Abstract
Nephrotic syndrome (NS) has a well-established relationship with hypercoagulability and, while rare, is known to present with unprovoked venous thromboembolism (VTE). Here, we present a case of seemingly unprovoked deep vein thrombosis and pulmonary embolism as presenting features of NS. We explore the challenge of timing diagnostic renal biopsy with necessary therapeutic anticoagulation, particularly in patients who present with unstable or extensive VTE. We also examine relevant factors in selecting an anticoagulant and discuss emerging treatment modalities in NS. This case underscores the complexity of medical decision-making in NS presenting with VTE and highlights the importance of multi-disciplinary consideration of patient-specific risks and benefits.
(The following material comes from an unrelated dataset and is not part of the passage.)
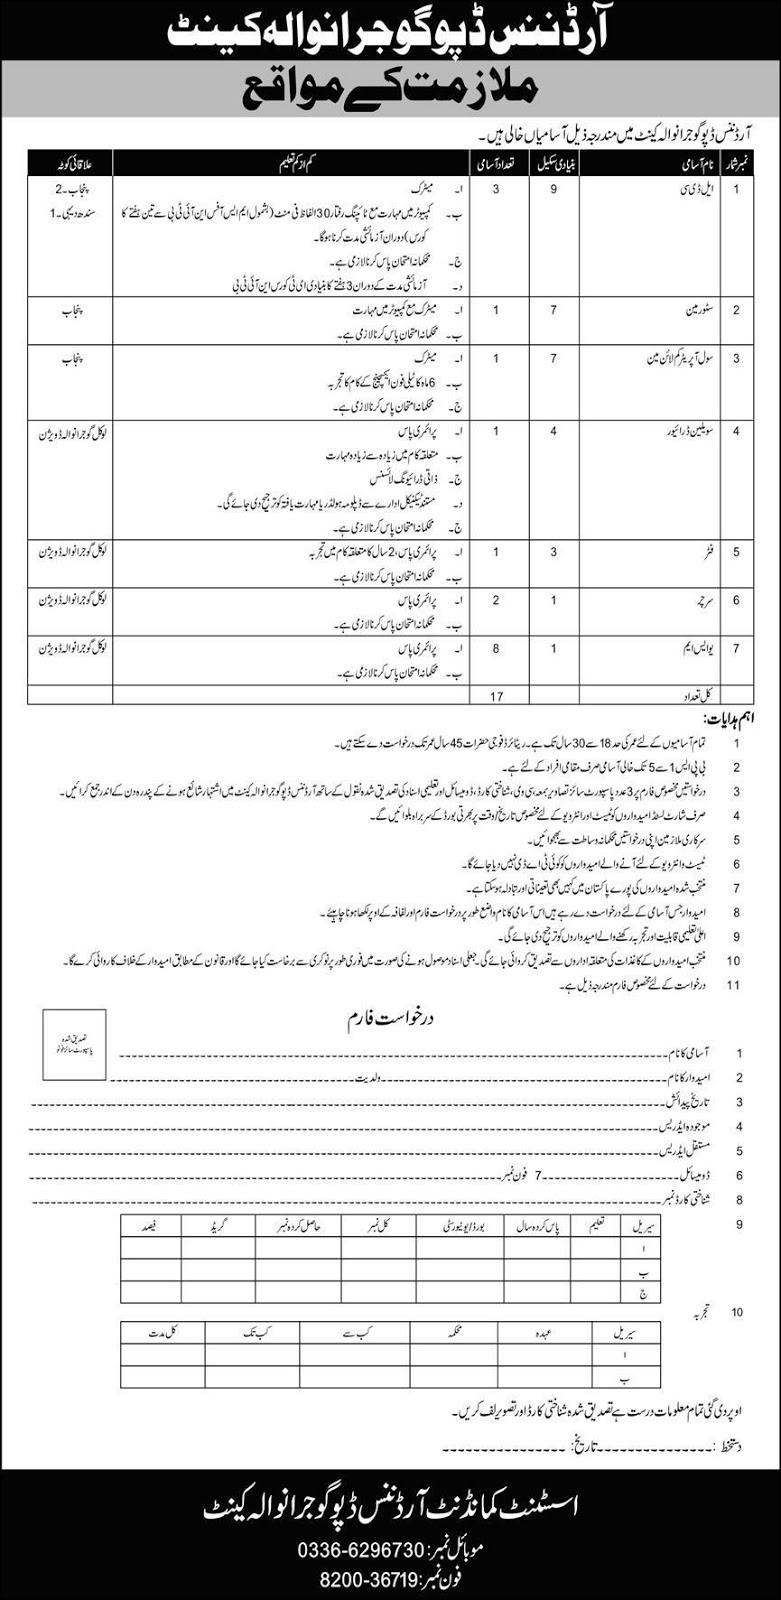 Pakistan Army Ordnance Depot Cantt Jobs 2020 | Multiple Jobs

Keywords: adult nephrotic syndrome, deep vein thrombosis (dvt), hypercoagulability syndromes, kidney biopsy, minimal change disease (mcd), pulmonary embolism (pe)
Introduction
Nephrotic syndrome (NS) classically presents with edema and fatigue, though patients are also at increased risk for associated infection, hypercoagulability, and hyperlipidemia. While NS is initially suspected with urine and serologic testing, renal biopsy remains the standard to confirm pathology and guide disease-specific therapy. Despite recent procedural advances and the use of ultrasonographic guidance, renal biopsy remains a high-risk procedure, with a post-procedure hemorrhage rate of 1.2% [1]. In patients presenting with venous thromboembolism (VTE), the need for anticoagulation may preclude renal biopsy, thereby delaying diagnosis and treatment. We present a case of NS-associated VTE that highlights the challenges of timing a renal biopsy, selection of anticoagulation, and the importance of a multidisciplinary framework in evaluation and treatment.
Case presentation
A 48-year-old man with a past medical history notable for alcohol use disorder and a 25-pack-year smoking history initially presented to the emergency department with three weeks of slowly progressive bilateral lower extremity edema and acute-onset left leg pain. He had no other known illnesses prior to the onset of symptoms, and he was not taking any medications prior to presentation. The patient’s leg swelling initially improved with the application of compression stockings until the day prior to presentation, at which time he noted sharp left leg pain associated with rapid progression of left lower extremity edema. Vitals on initial presentation included a temperature of 36.3 Celsius, a heart rate of 105, a blood pressure of 144/93, a respiratory rate of 18, and an oxygen saturation of 98% on room air. On exam, the left lower extremity was greater in circumference and more edematous compared to the right with edema extension to the knee. A Doppler ultrasound demonstrated deep vein thrombosis of the left popliteal and proximal femoral veins (Figure 1). Initial laboratory studies, including complete blood count, basic metabolic panel, hepatic transaminases, and brain natriuretic peptide, were interpreted as unrevealing. Notably, albumin was found to be 1.8 g/dL. The patient lacked historical features concerning provoked VTE and was discharged from the emergency department with therapeutic apixaban to treat deep vein thrombosis superimposed on presumed venous stasis.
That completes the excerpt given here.